Wild Bird Articles

How To Select A Feeder

First Consider Placement

Where do you want to watch your birds? From a kitchen window…a sliding glass door opening on to a deck…a second story window? Pick a location that has year-round easy access. When the weather's bad and birds are most vulnerable, you may be reluctant to fill a feeder that isn't in a convenient spot near a door or accessible window.

Also consider the "mess" factor. Pick a location where discarded seed shells and bird droppings won't be a clean-up problem. Put your feeder where the squirrels can't reach. When hanging your feeders from tree limbs squirrel guards or baffles are useful in preventing squirrels from getting to the feeders. If using a pole to hang your feeder make sure it is at least 10 feet or more from a tree limb or trunk. Squirrels become a problem when they take over a bird feeder, scaring the birds away, and tossing seed all over.

Once you've determined where you're going to put your feeder, you're ready to go shopping! Questions to think about include:

1)      How durable is it?

2)      Will it keep the seeds dry?

3)      How easy is it to clean?

4)      How much seed will it hold?

5)      How many birds will it feed at one time?

6)      Which species will use it?

Durability

There are numerous materials used in making bird feeders. You can buy feeders made of cloth, nylon, vinyl, and metal netting; clear, colored and PVC plastic tubes; ceramic and terra cotta; redwood, western cedar, birch, pine and plywood; sheet metal and aluminized steel; glass tubes and bottles.

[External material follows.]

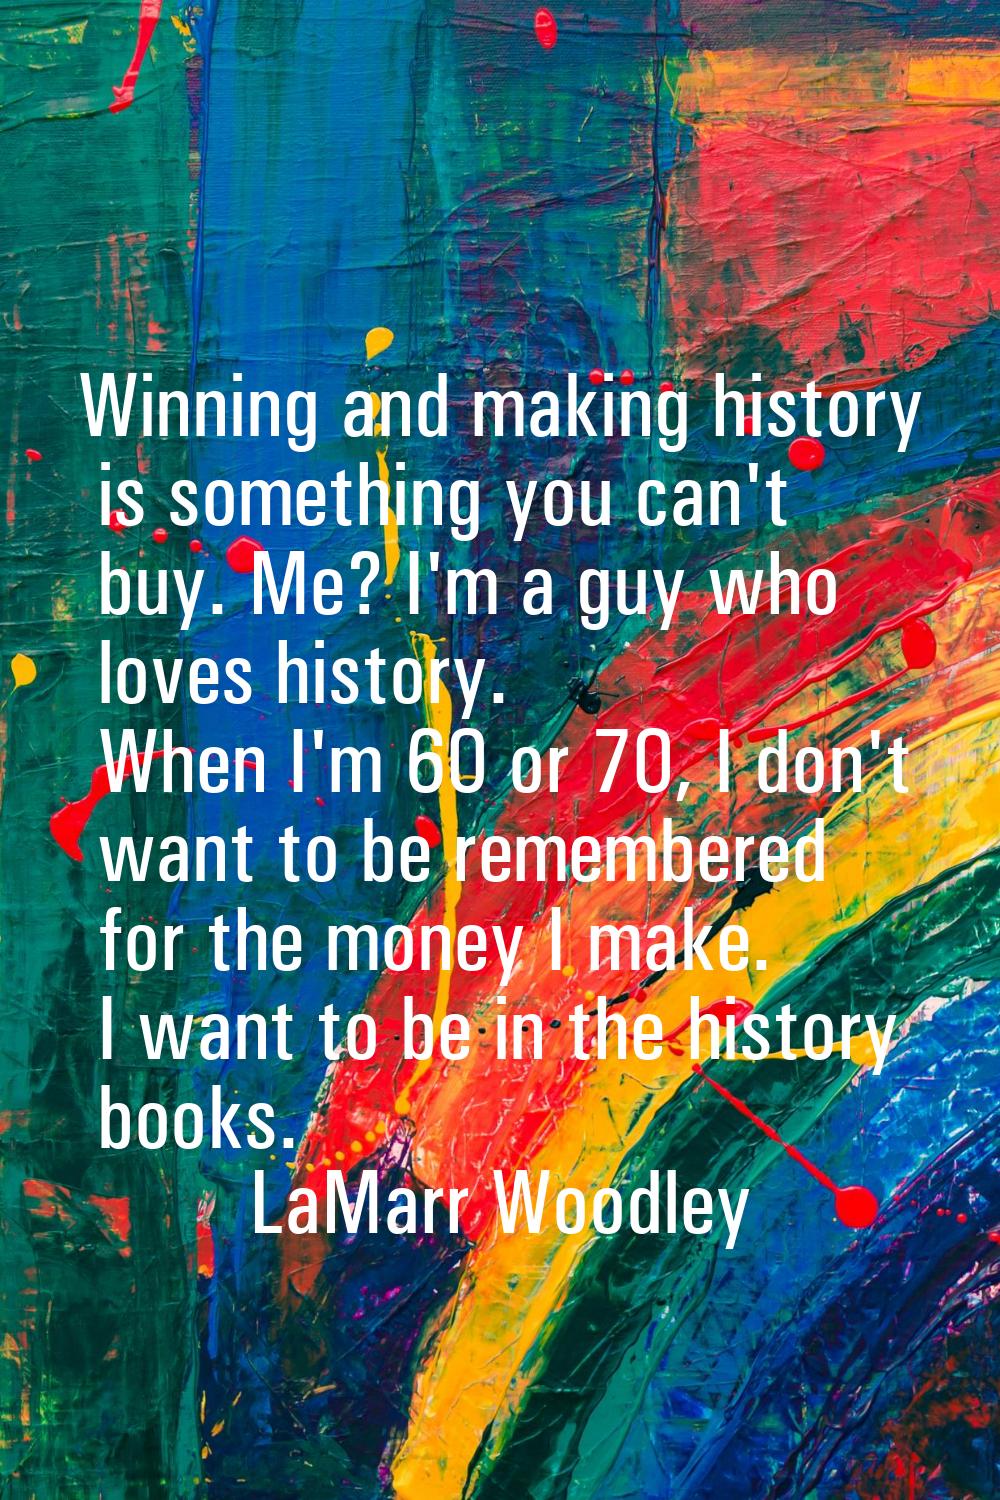 Winning and making history is something you can't buy. Me? I'm a guy who loves history. When I'm 60

How long a feeder last depends on how much effort you put into maintain it, the effects of weather, and whether squirrels can get to it.

Dry Seeds

Water can get into any feeder regardless of how careful you are to protect it. Seeds will spoil when they get damp or wet. Cloth, vinyl, nylon, and metal netting feeders are wonderful but they do not fully protect your seeds. You can improve them by adding a plastic dome. Most wood, plastic, ceramic, and solid metal feeders will keep seeds dry, but water has the potential to get into the feeding portals. Look for feeders and trays with drainage holes.

Cleaning

Bird feeders should be cleaned regularly. Diseases like salmonella can grow in moldy, wet seed and bird droppings in your feeder tray and on the ground below. It's a good idea to move your feeders (just a foot or so) each season to give the ground underneath time to assimilate the seed debris and bird droppings.

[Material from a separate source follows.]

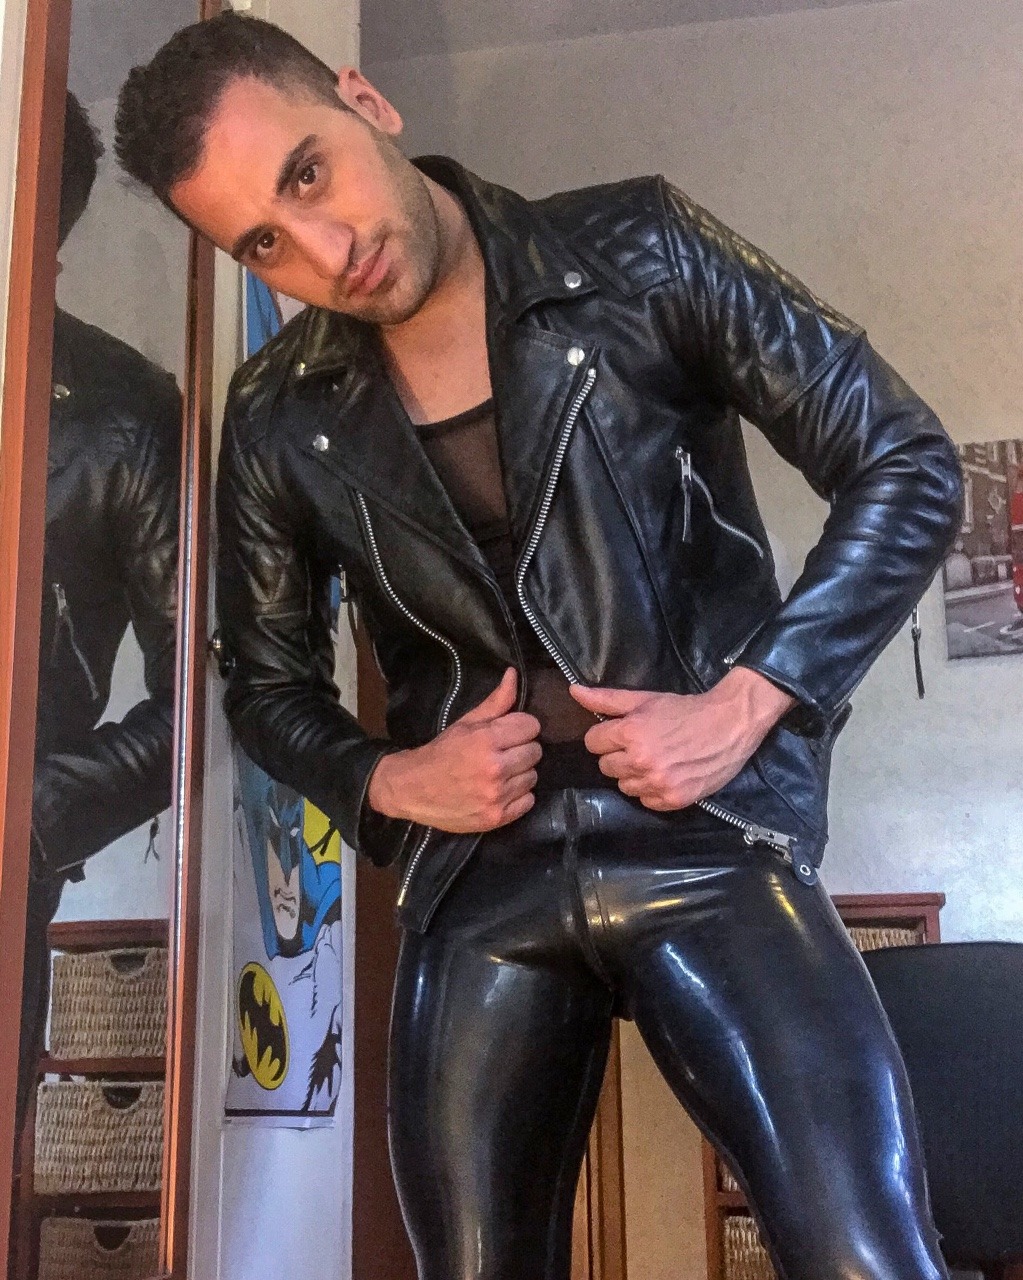 You know you love leather and latex when after 3 seconds of looking at this picture,

A thistle feeder for goldfinches should be cleaned about once a month depending on how often it rains. Feeding hummingbirds and orioles requires cleaning at the very least, weekly, preferably more often (two or three times a week). Sunflower feeders made of plastic, ceramic, and glass are easy to clean. Wash them in a bucket of hot, soapy water fortified with a capful or two of chlorine bleach, rinse, then let them air dry. Use the same regimen with wood feeders, but substitute another disinfectant for the bleach so your wood doesn't fade.

Food Capacity

The ideal feeder capacity varies with your situation, and the types of birds you want to attract.

For example, if you feed hummingbirds, big feeders are not always better. One hummingbird will drink about 2 times it body weight (less than an ounce) a day. Early in the season, hummers are territorial and won't share a feeder. A sixteen ounce feeder can be wasteful, or indeed lethal, because nectar can ferment in the hot summer sun. If you see only one hummer in your yard, a two ounce feeder is more than enough. On the other hand, if you live in the southwest, where there are more hummers a sixteen ounce feeder may be big enough.

If you opt for a large volume seed feeder, be sure to protect it from the weather and keep it clean. If after months of use, the birds suddenly abandon your feeder full of seed, it's time for a cleaning.

How Many Birds

If too many birds at your feeder becomes a problem, you can control their numbers by putting out small amounts of seed, by using specialty seed, or by using restrictive feeders.

You can virtually eliminate visits by birds you'd rather not see by offering seeds they won't eat. If you use more than one type of seed, put them in separate feeders. This will reduce wasted seeds, as birds will toss unwanted seeds out of a feeder to get their favorites.

Birds that visit your feeder have very specific preferences. Most prefer sunflower. Some prefer millet. A few prefer peanuts. Some seem to prefer the other grains used in the mixes: corn, milo, or red millet.

Another way to discourage unwanted birds is to use specialty feeders that for the most part, allow only "select" birds to feed. Large birds like trays, platform or house feeders. Encourage small birds with feeders that restrict access to bigger birds. Feeders such as ones with vertical bars and wire mesh will frustrate the larger birds.

Remove perches on tube feeders and you've further selected only those birds capable of clinging (finches, chickadees, titmice, and woodpeckers).